_DATASET EXCERPT:_
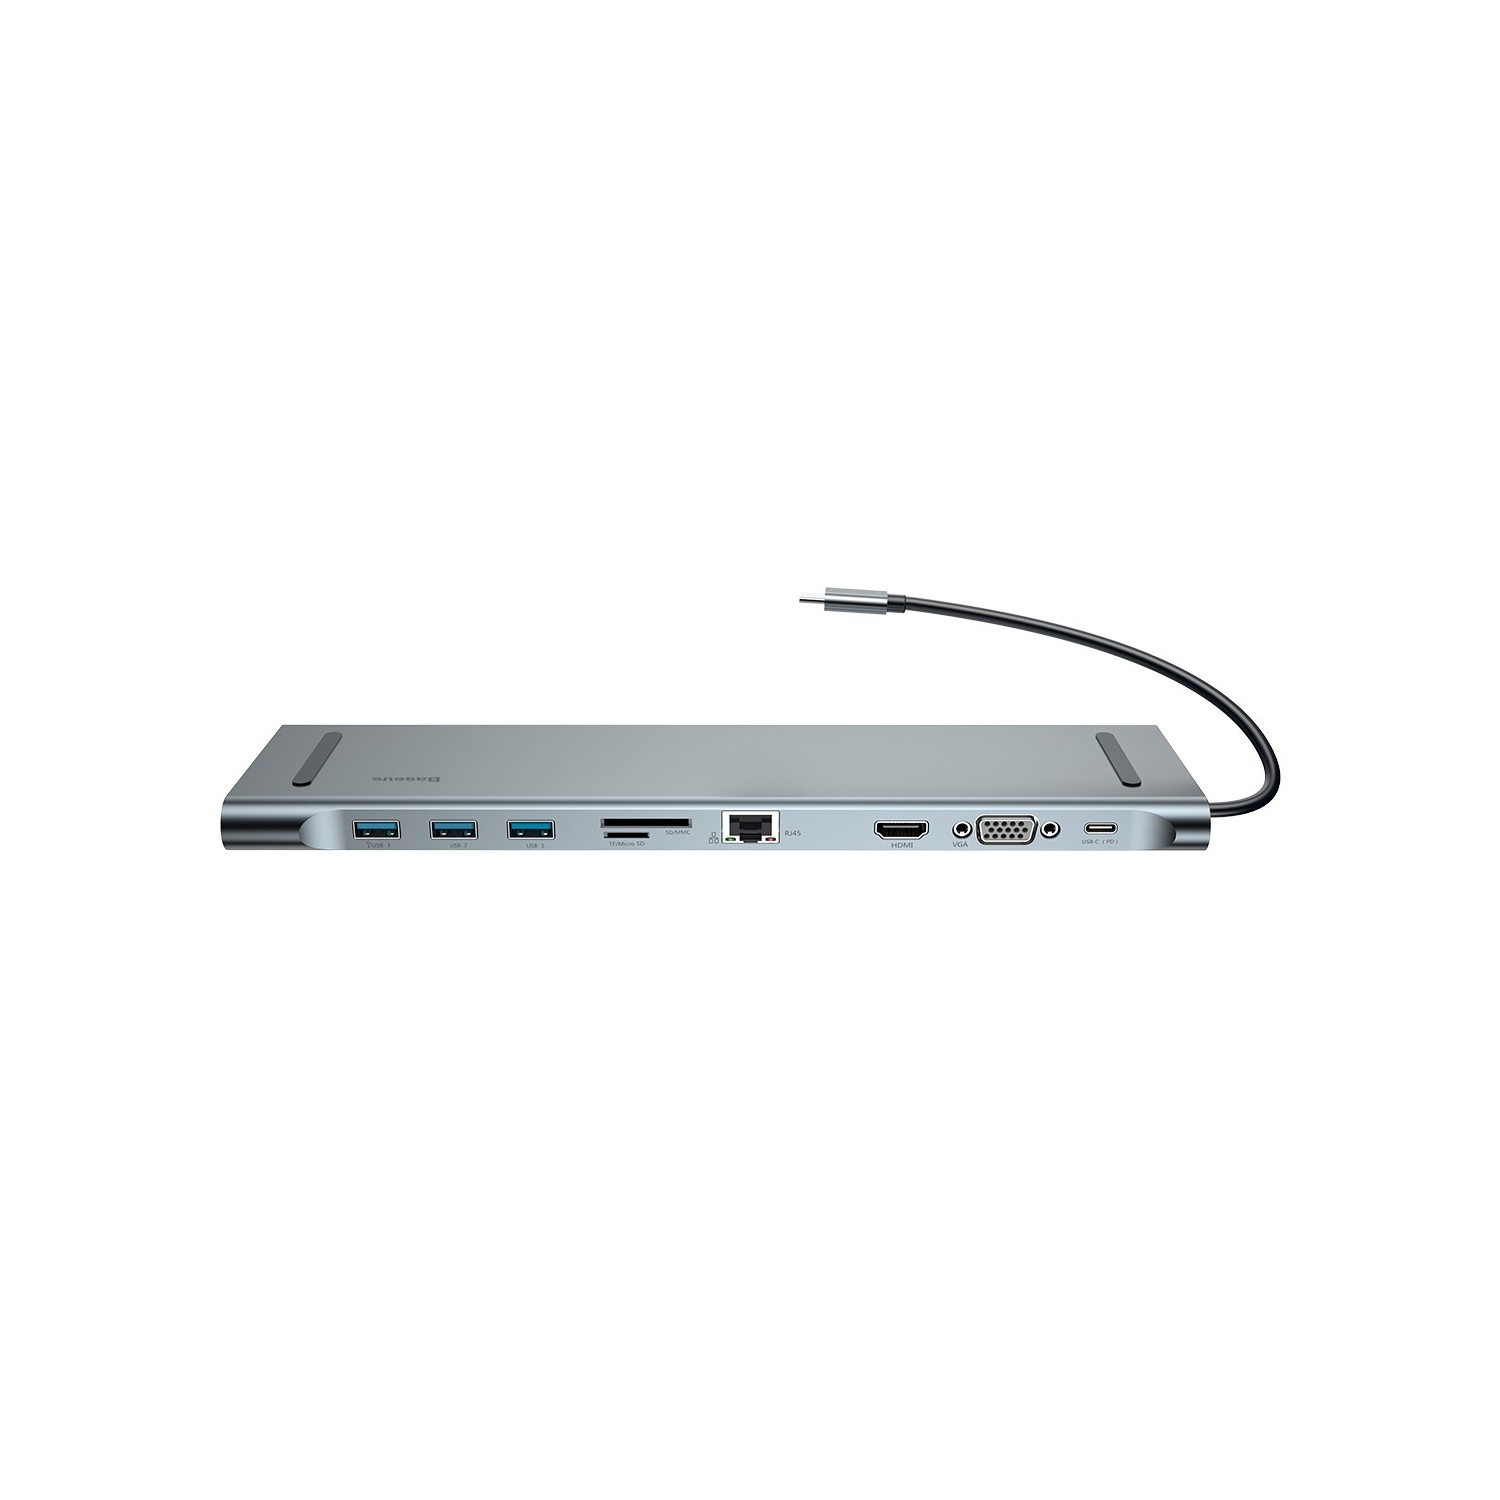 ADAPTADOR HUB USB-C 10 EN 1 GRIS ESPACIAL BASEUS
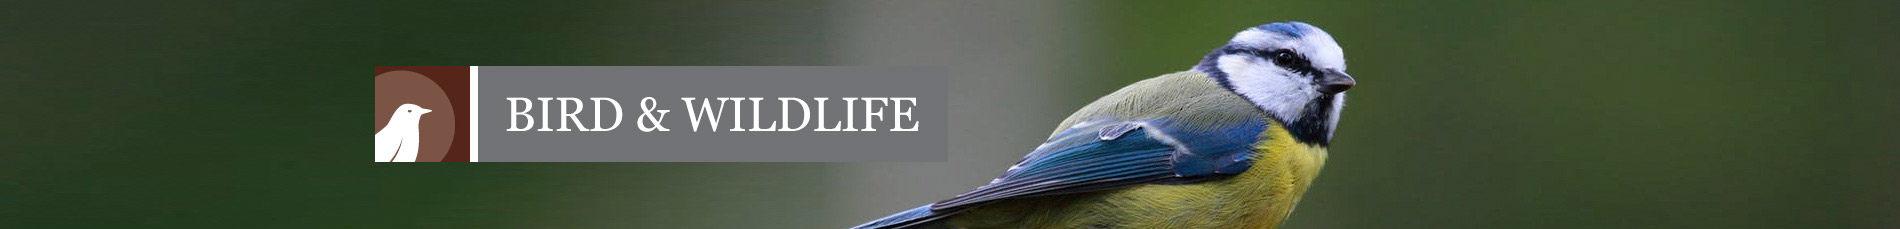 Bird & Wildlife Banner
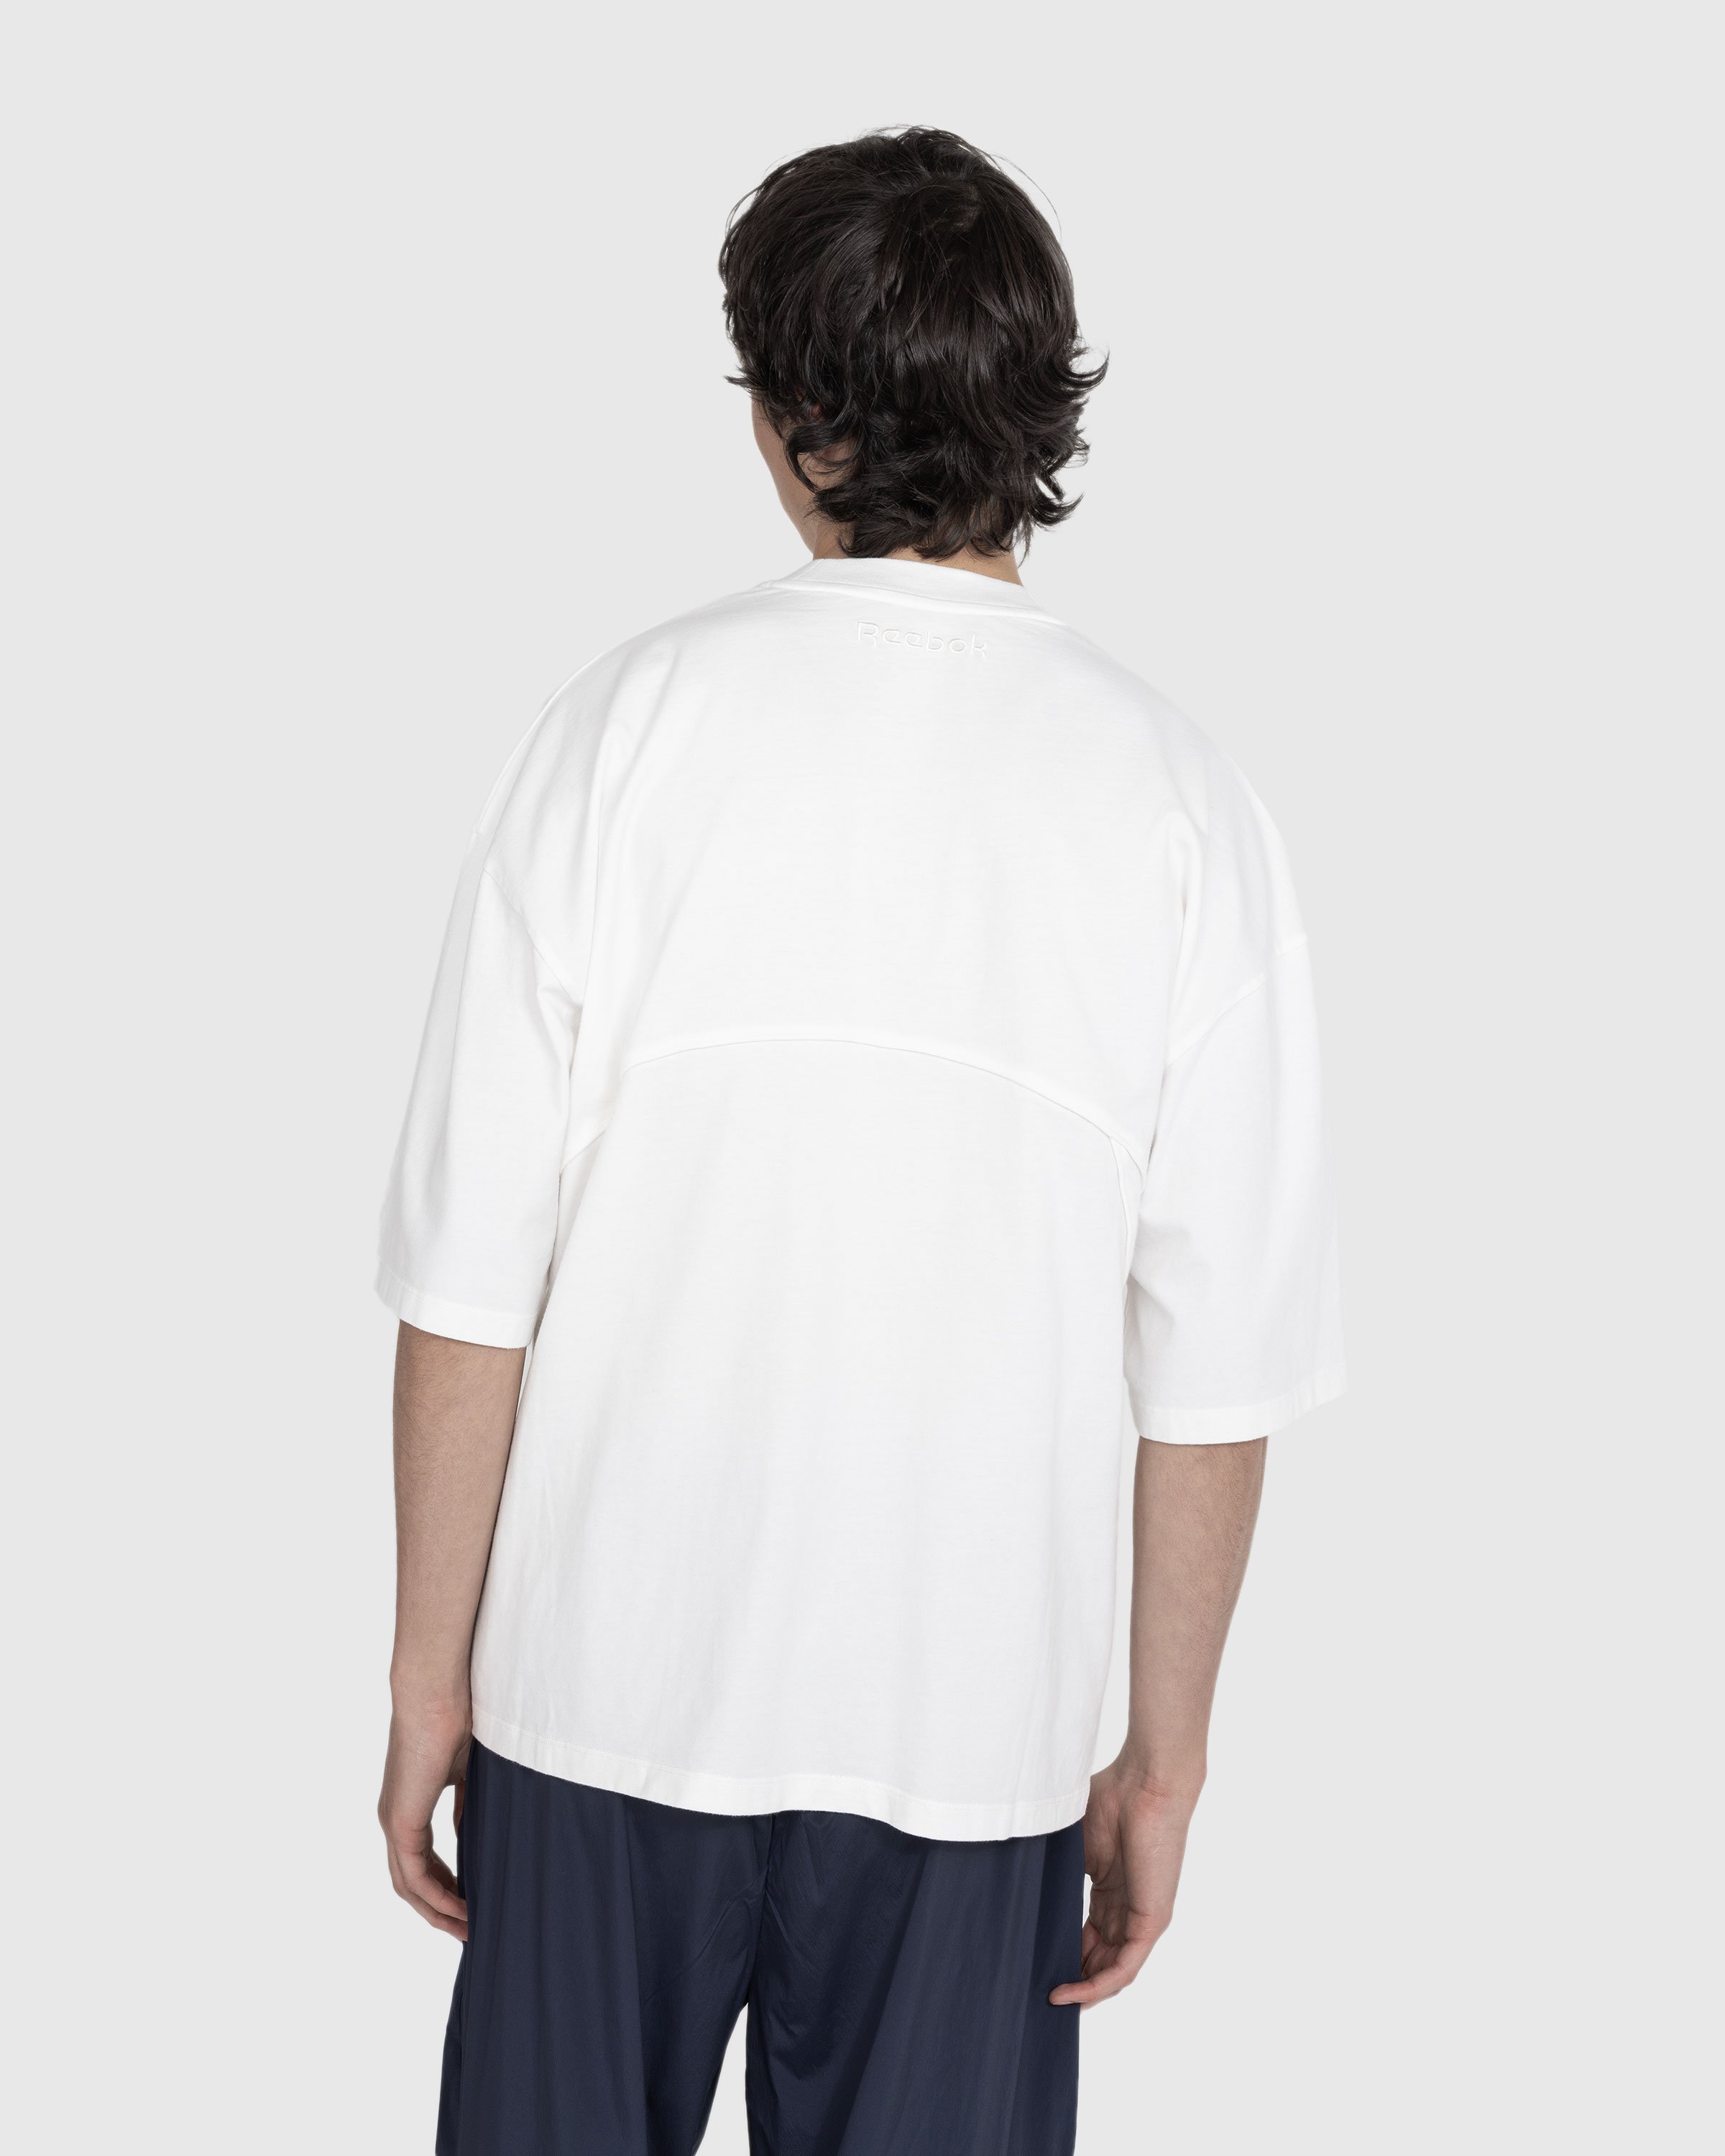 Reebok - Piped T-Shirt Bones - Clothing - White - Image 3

_TASK INSTRUCTIONS:_
Your answer must reproduce exactly the lines from the line with "Bird & Wildlife Banner" through the end of the material, both ends included, with every picture dropped.

_RESULT:_
 Bird & Wildlife Banner
 Reebok - Piped T-Shirt Bones - Clothing - White - Image 3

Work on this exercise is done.